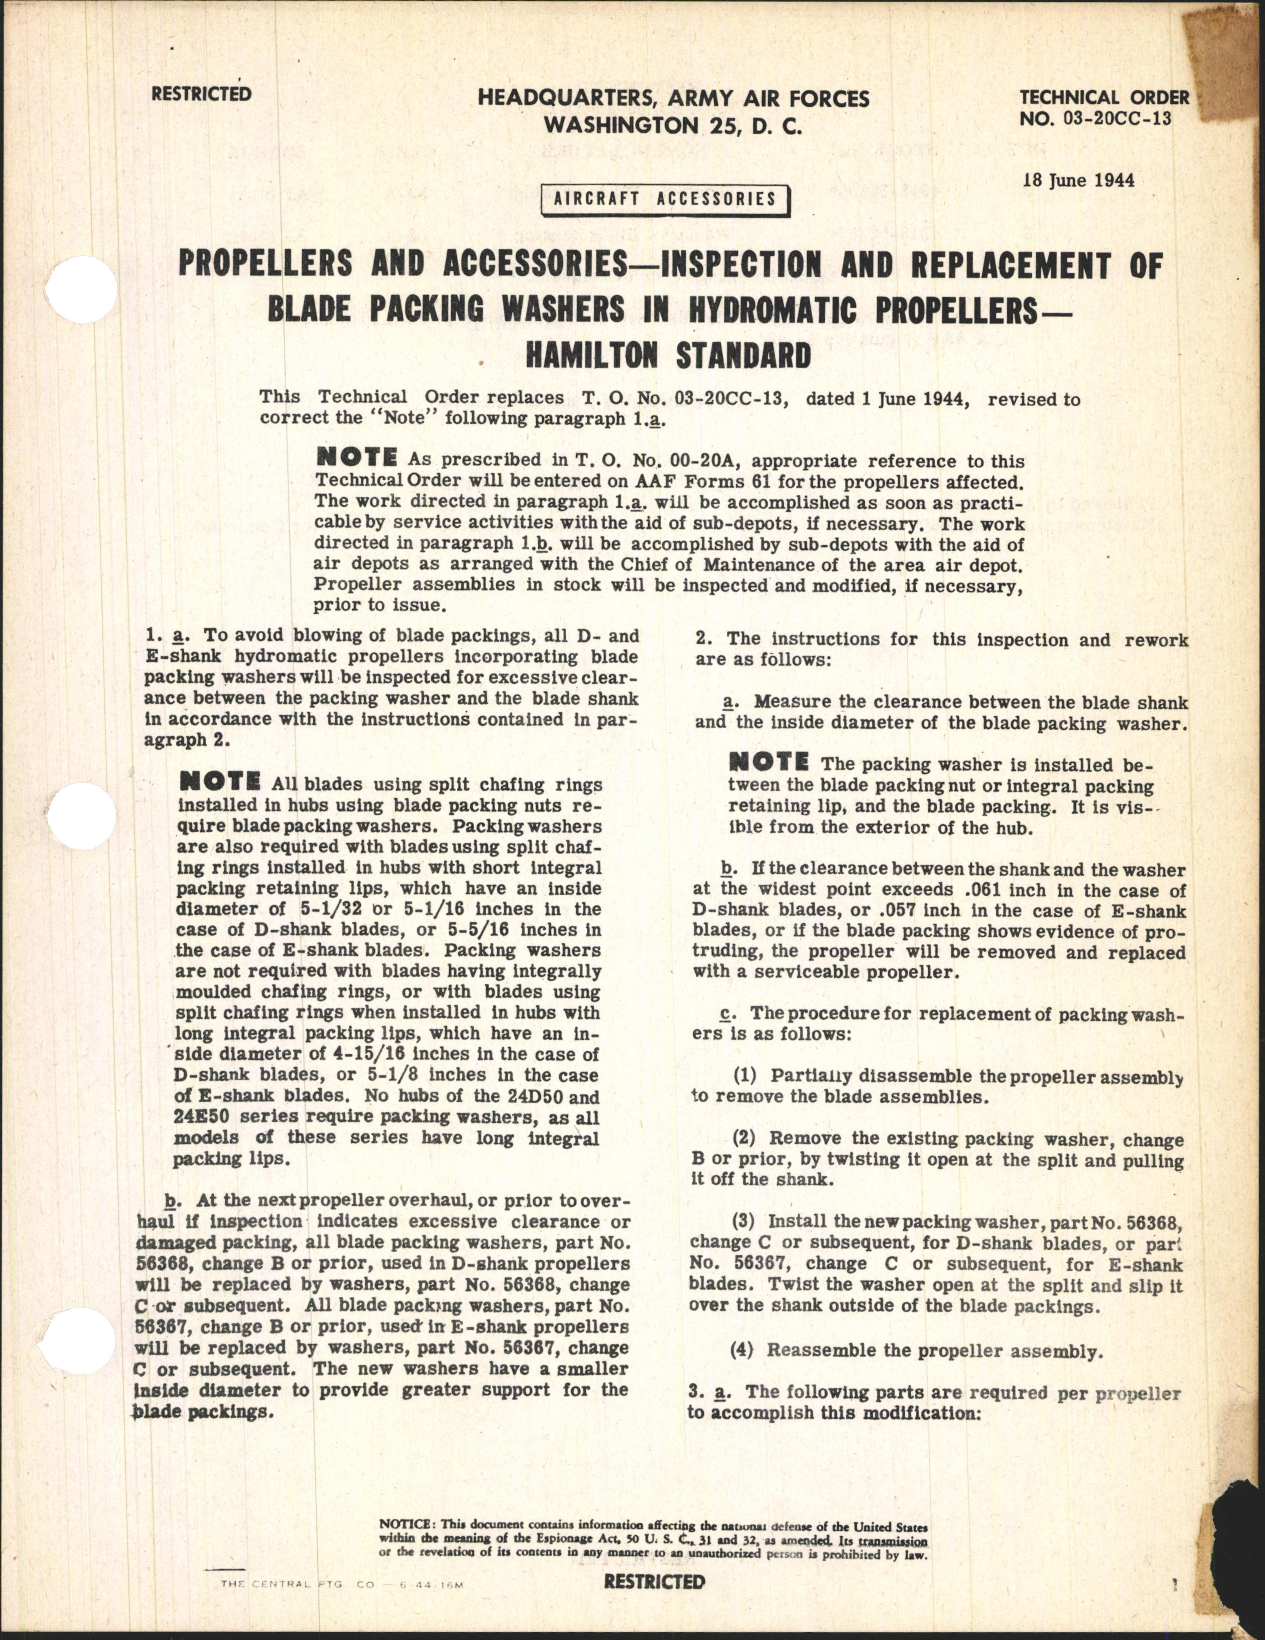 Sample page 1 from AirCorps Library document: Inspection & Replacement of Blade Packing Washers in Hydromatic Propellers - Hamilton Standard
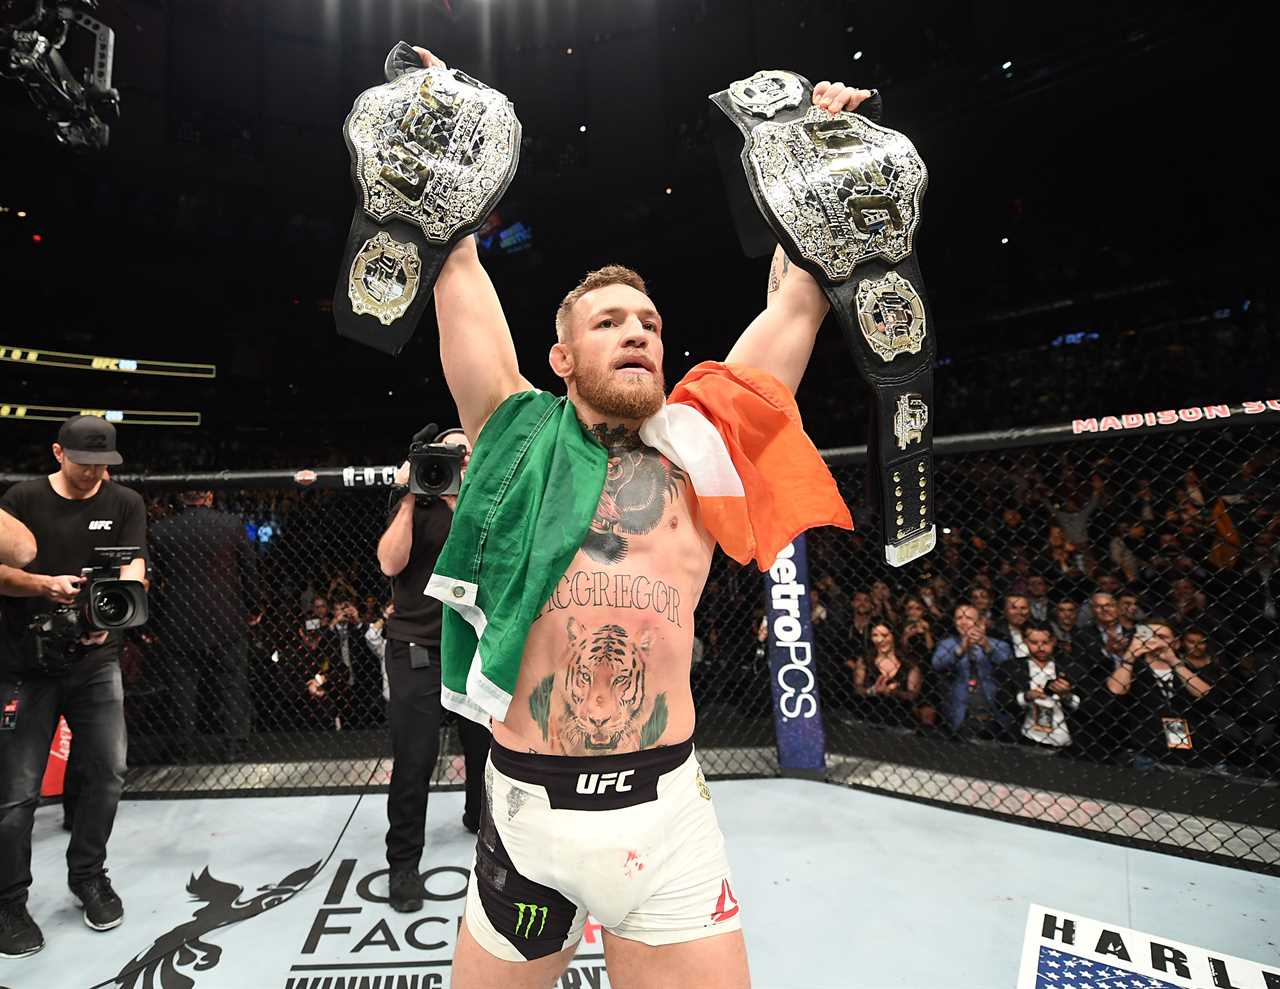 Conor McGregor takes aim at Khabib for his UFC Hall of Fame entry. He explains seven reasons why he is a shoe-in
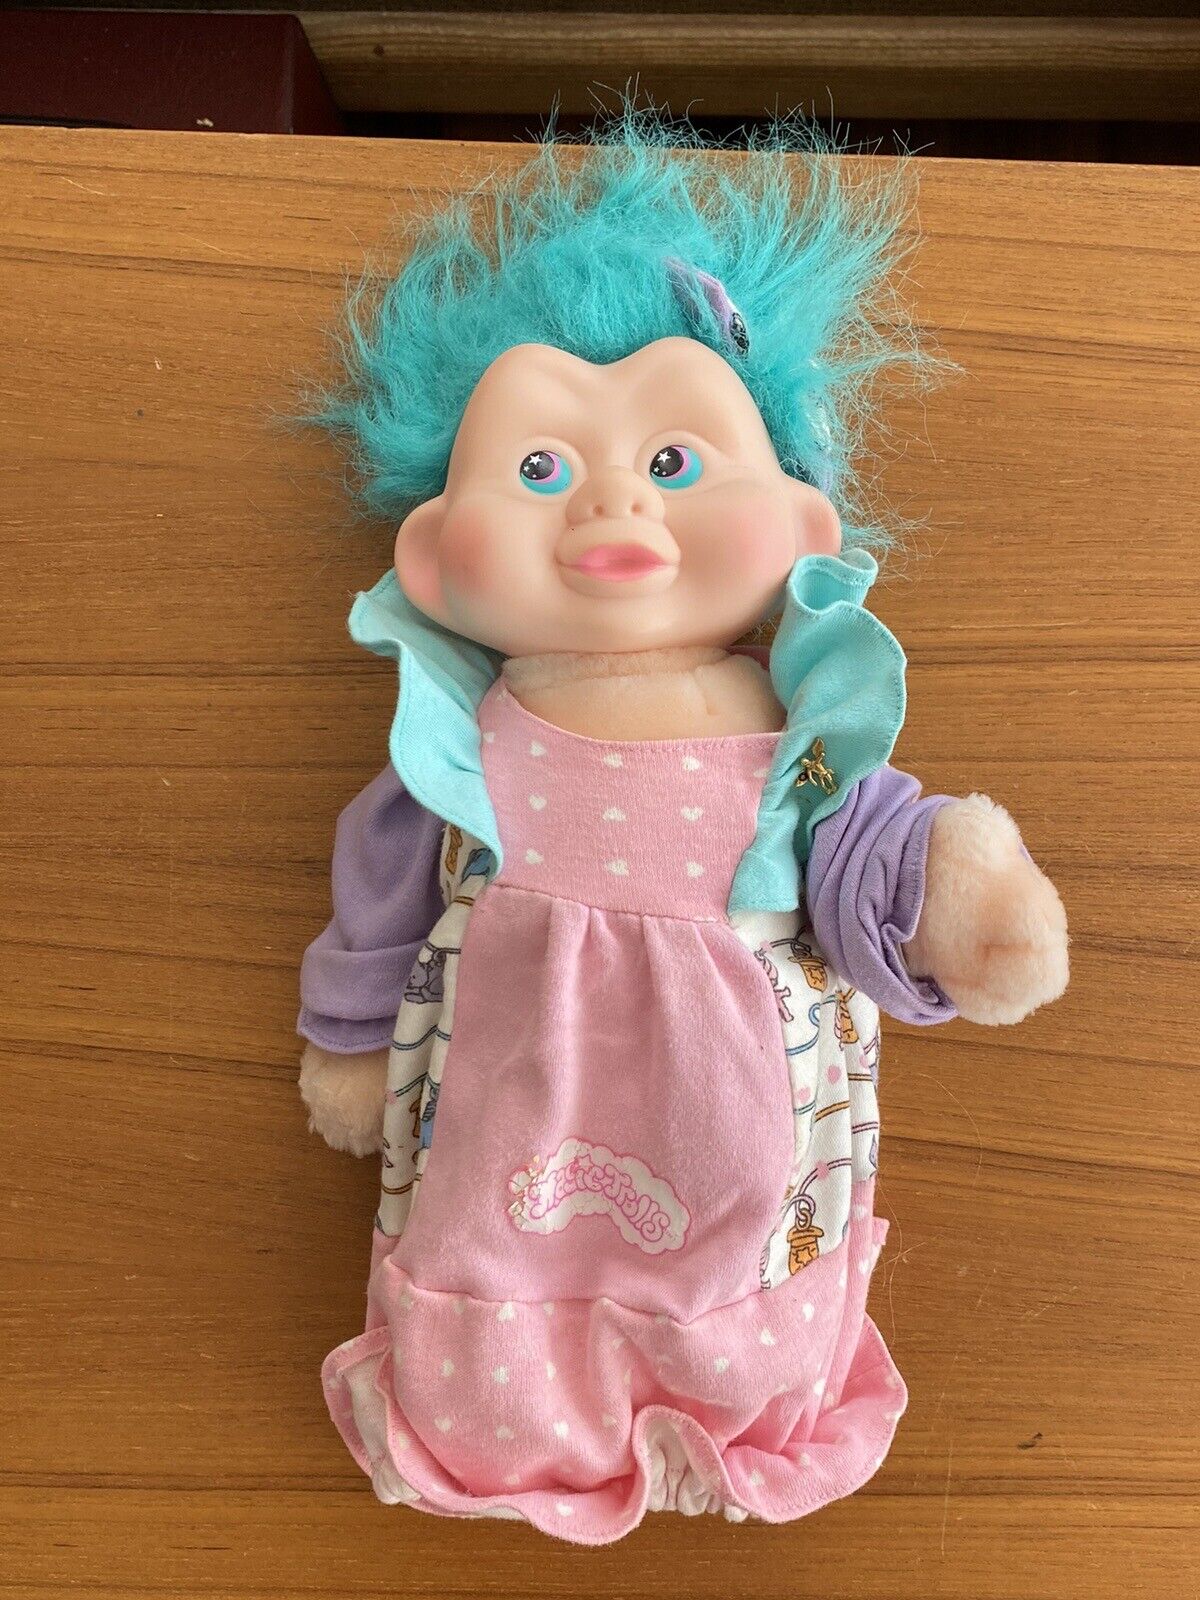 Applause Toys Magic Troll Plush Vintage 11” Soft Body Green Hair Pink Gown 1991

-=-=-=-=-

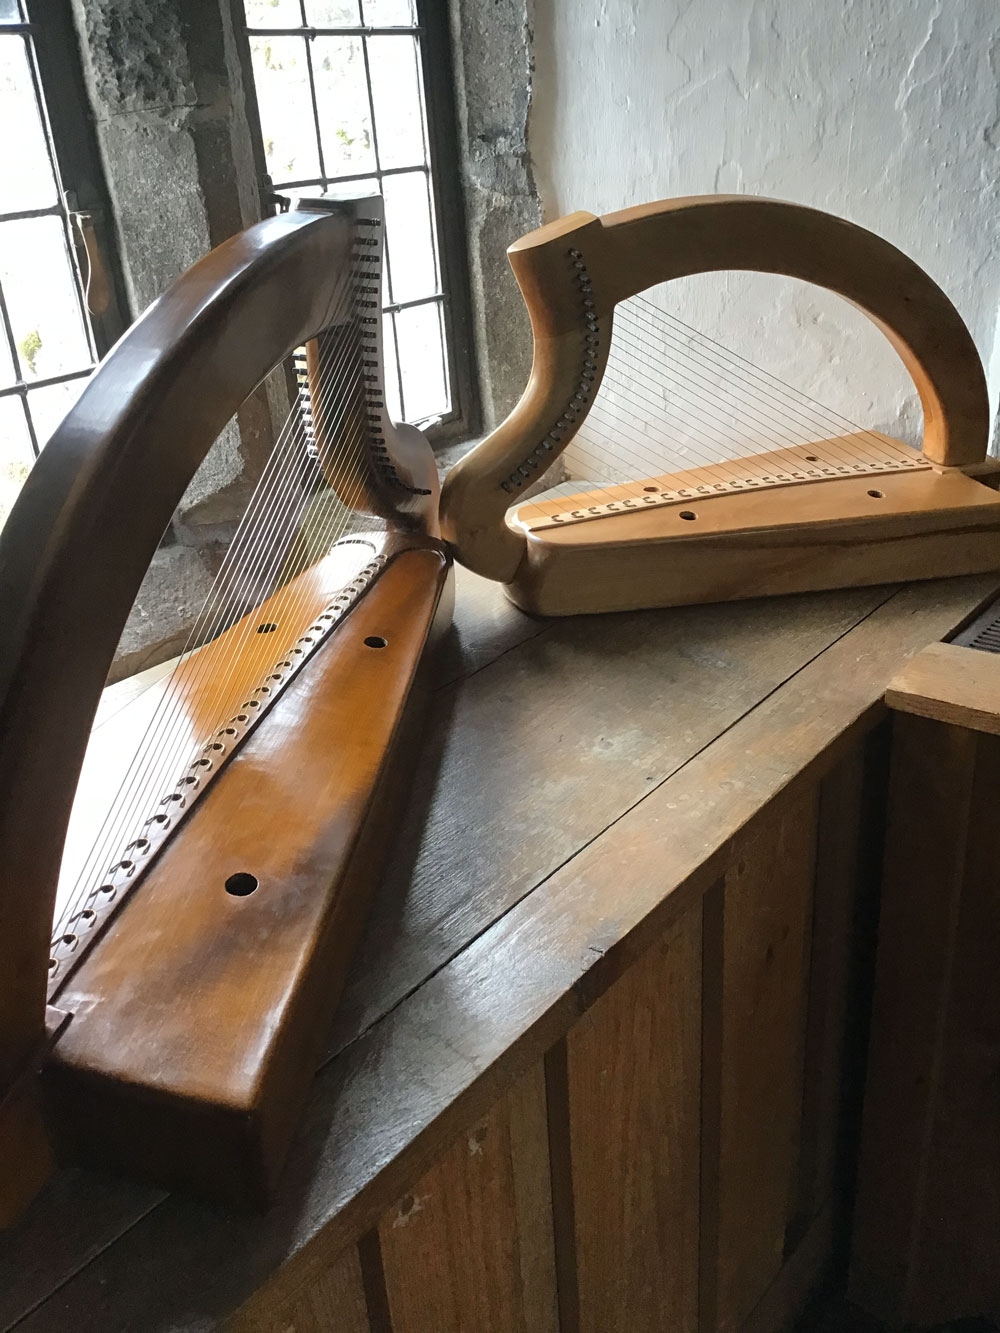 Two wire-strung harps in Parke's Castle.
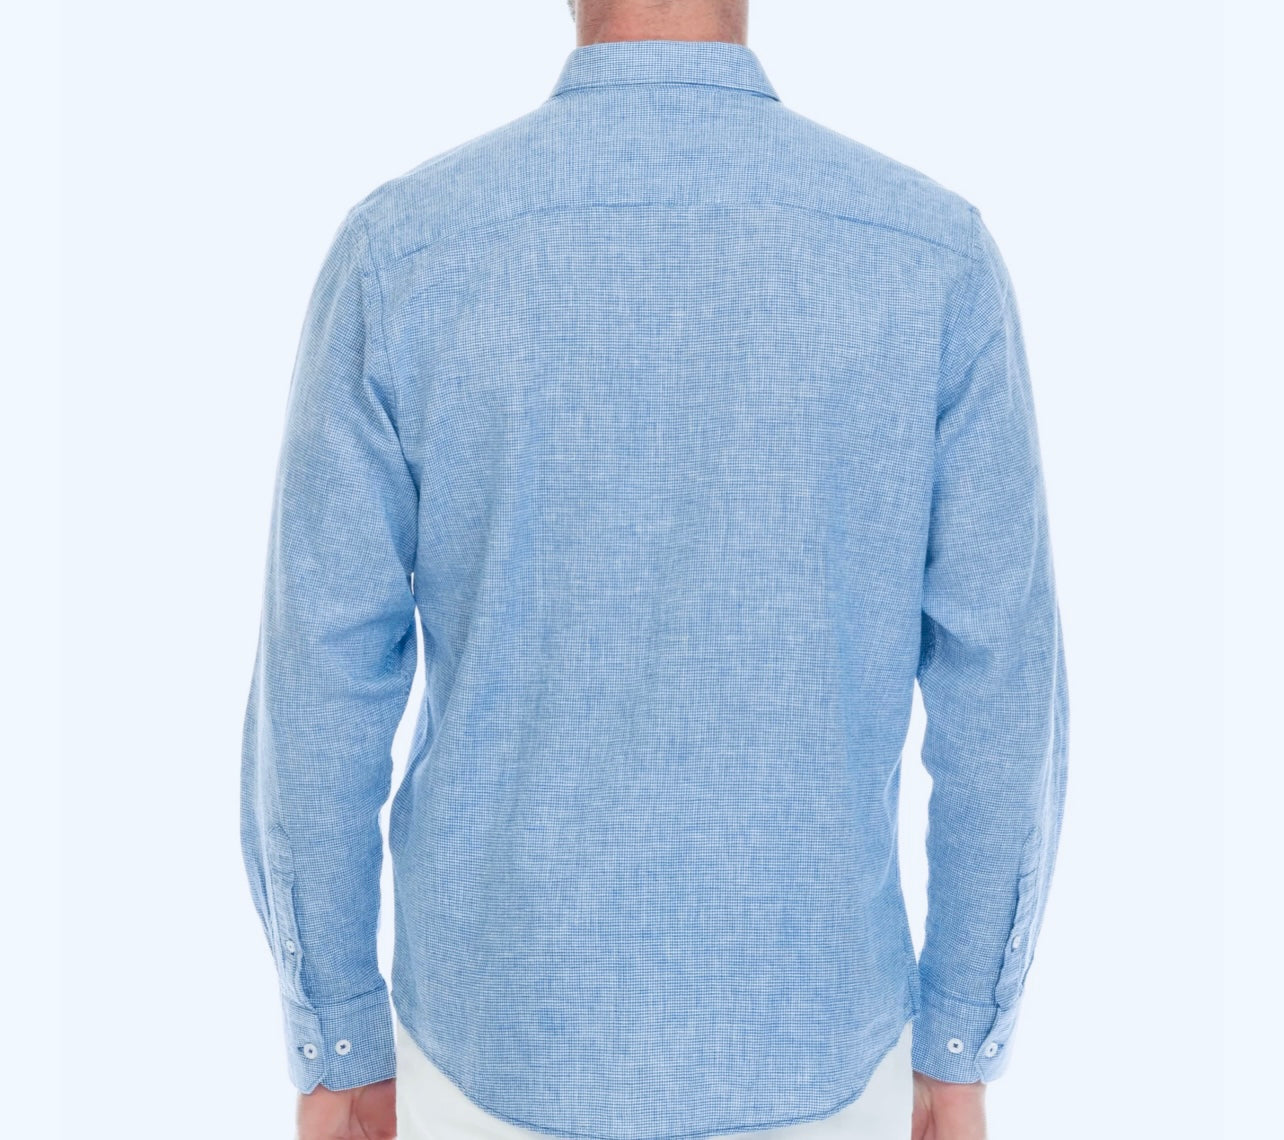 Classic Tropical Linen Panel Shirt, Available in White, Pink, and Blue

-=-=-=-=-

(WHAT THE TASK ASKS) For this task, return exactly the stretch of the listing above from the line with "Sample page 1" through the line with "Applause Toys Magic", inclusive and without pictures.

(RESULT OF THIS EXERCISE)
 Sample page 1 from AirCorps Library document: Inspection & Replacement of Blade Packing Washers in Hydromatic Propellers - Hamilton Standard
 Conor McGregor takes aim at Khabib for his UFC Hall of Fame entry. He explains seven reasons why he is a shoe-in
 Applause Toys Magic Troll Plush Vintage 11” Soft Body Green Hair Pink Gown 1991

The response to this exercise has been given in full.